Ultrasonic Enhancement of Drug Penetration in Solid Tumors

Abstract

Increasing the penetration of drugs within solid tumors can be accomplished through multiple ultrasound-mediated mechanisms. The application of ultrasound can directly change the structure or physiology of tissues or can induce changes in a drug or vehicle in order to enhance delivery and efficacy. With each ultrasonic pulse, a fraction of the energy in the propagating wave is absorbed by tissue and results in local heating. When ultrasound is applied to achieve mild hyperthermia, the thermal effects are associated with an increase in perfusion or the release of a drug from a temperature-sensitive vehicle. Higher ultrasound intensities locally ablate tissue and result in increased drug accumulation surrounding the ablated region of interest. Further, the mechanical displacement induced by the ultrasound pulse can result in the nucleation, growth and collapse of gas bubbles. As a result of such cavitation, the permeability of a vessel wall or cell membrane can be increased. Finally, the radiation pressure of the propagating pulse can translate particles or tissues. In this perspective, we will review recent progress in ultrasound-mediated tumor delivery and the opportunities for clinical translation.

The Problem

The goal of this Frontiers issue is to explore methods to enhance the penetration of drugs within solid tumors. Combining ultrasound with a drug does indeed have the potential to enhance delivery; however, due to the requirement to guide the beam to the tumor such treatment will be a possibility only for localized primary tumors and well-characterized metastases that are accessible to sound waves. Ultrasound is easily directed to superficial organs such as the breast and prostate, as well as most abdominal organs, and has also been applied in the treatment of brain tumors. The effects of high intensity ultrasound on biological tissue, and particularly on the central nervous system, have been recognized for more than 70 years; the ability to heat and ablate tissue was described initially (1–5). Within studies in the 1940s and 1950s, ultrasound was also determined to have non-thermal effects on tissue, typically characterized as mechanical effects (6). The mechanical effects of ultrasound can act directly upon the tumor tissue or on injected microbubbles whose oscillations enhance vascular or cell membrane permeability. Although early studies were not geared toward drug delivery, these same mechanisms of high temperature ablation or mild hyperthermia can increase drug accumulation within a lesion and lesion boundary. In recent strategies, the increased temperature is applied to influence both the tissue and the drug capsule.
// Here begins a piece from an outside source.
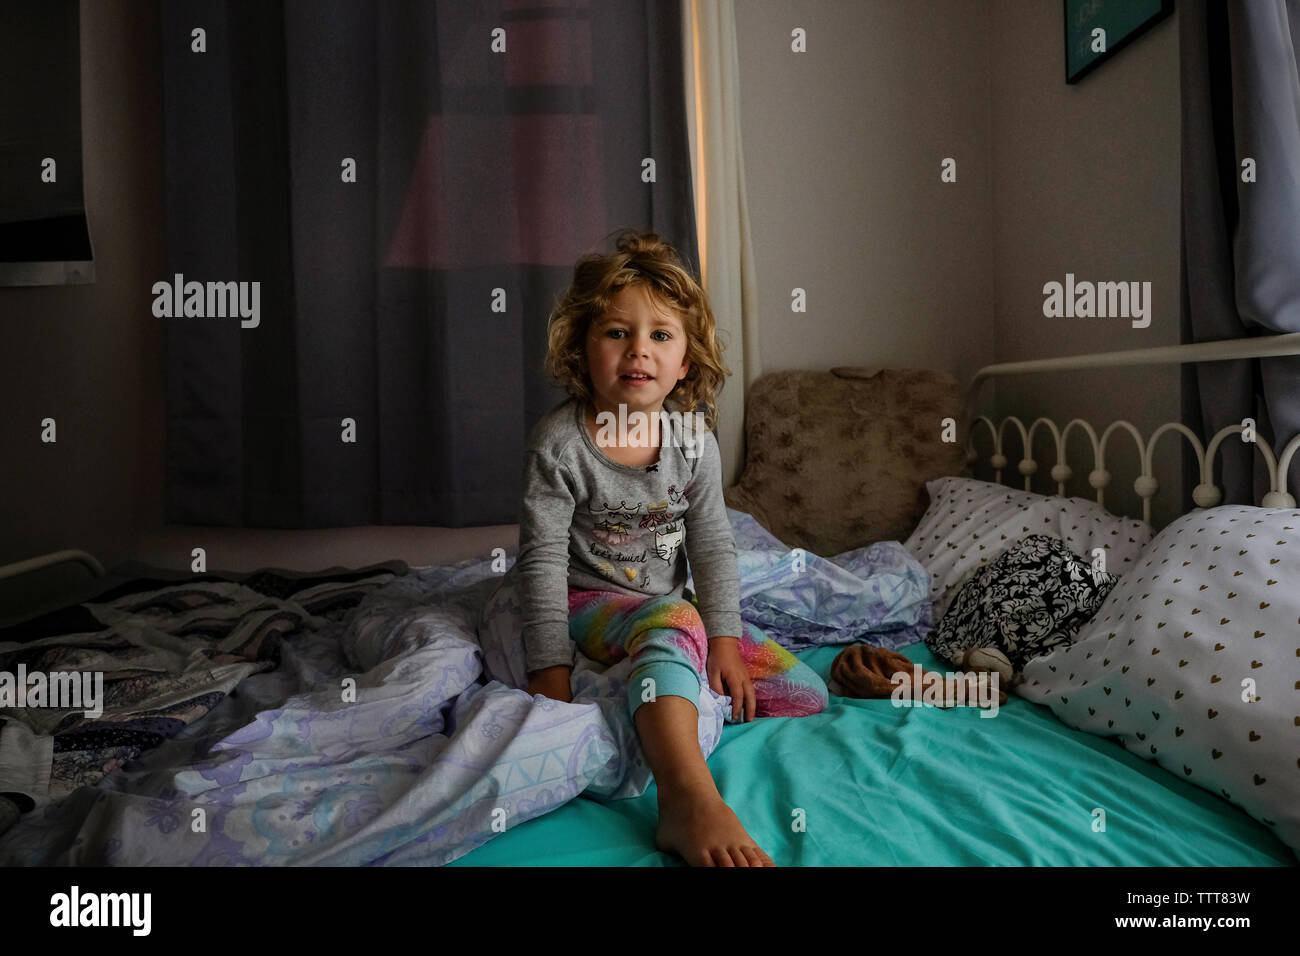 Portrait of cute girl sitting on bed at home Banque D'Images

Enhanced Extravasation of Nanotherapeutics through Mechanical and Thermal Effects on Tissue

The direct effects of ultrasound on tissue and vasculature have been reported to enhance the extravasation of antibodies and nanotherapeutics (7–9). In some cases, the mechanical effects of ultrasound have been shown to enhance therapeutic penetration. With a center frequency of 1 MHz ultrasound at a peak negative pressure (PNP) of 8.95 MPa, antibody penetration has been shown to be enhanced at the tumor periphery, presumably through mechanical effects (8). The compression and rarefaction resulting from the ultrasound wave can produce the nucleation, growth, and collapse of gas bubbles within tissues. Such cavitation is assumed to facilitate transport within tumor tissue.

The thermal dose delivered by ultrasound is typically measured in cumulative equivalent minutes at 43°C (CEM 43) which is defined as tR^{(43 − T)}, with t being the time of treatment, T the average temperature during treatment, and R a constant that equals 0.25 for temperatures between 37 and 43°C and 0.5 above 43°C (10, 11). Hyperthermia has been demonstrated to increase tumor blood flow and microvascular permeability (12). While it has long been recognized that heat increases the accumulation of small particles in the heated region of interest, the typical protocol has involved 1 h or more of heating. However, by combining the mechanical and thermal effects of ultrasound, enhanced delivery has been achieved with a shorter treatment (13). In such studies, the temperature goal is ∼41–42°C and insonation continued for ∼5–20 min. As a result of hyperthermia and the mechanical effects of ultrasound, we have observed that the accumulation of liposomes in an insonified tumor can be increased up to threefold to as much as 22%ID/g. While ultrasound was shown to enhance accumulation in syngeneic murine tumors, the ultrasound parameters that were required to enhance nanoparticle accumulation were shown to differ between epithelial and epithelial-mesenchymal transition (EMT) tumor phenotypes (7). While mild hyperthermia enhanced accumulation in the epithelial tumors, likely through decreased intratumoral pressure and enhanced apparent permeability, higher ultrasound pressure was required to enhance delivery in the poorly vascularized EMT phenotype. Further, excessive temperature or thermal dose can result in vascular stasis, particularly in highly vascular epithelial tumors. The requirement to personalize the ultrasound parameters to the tumor biology will likely require image guidance to insure clinical success.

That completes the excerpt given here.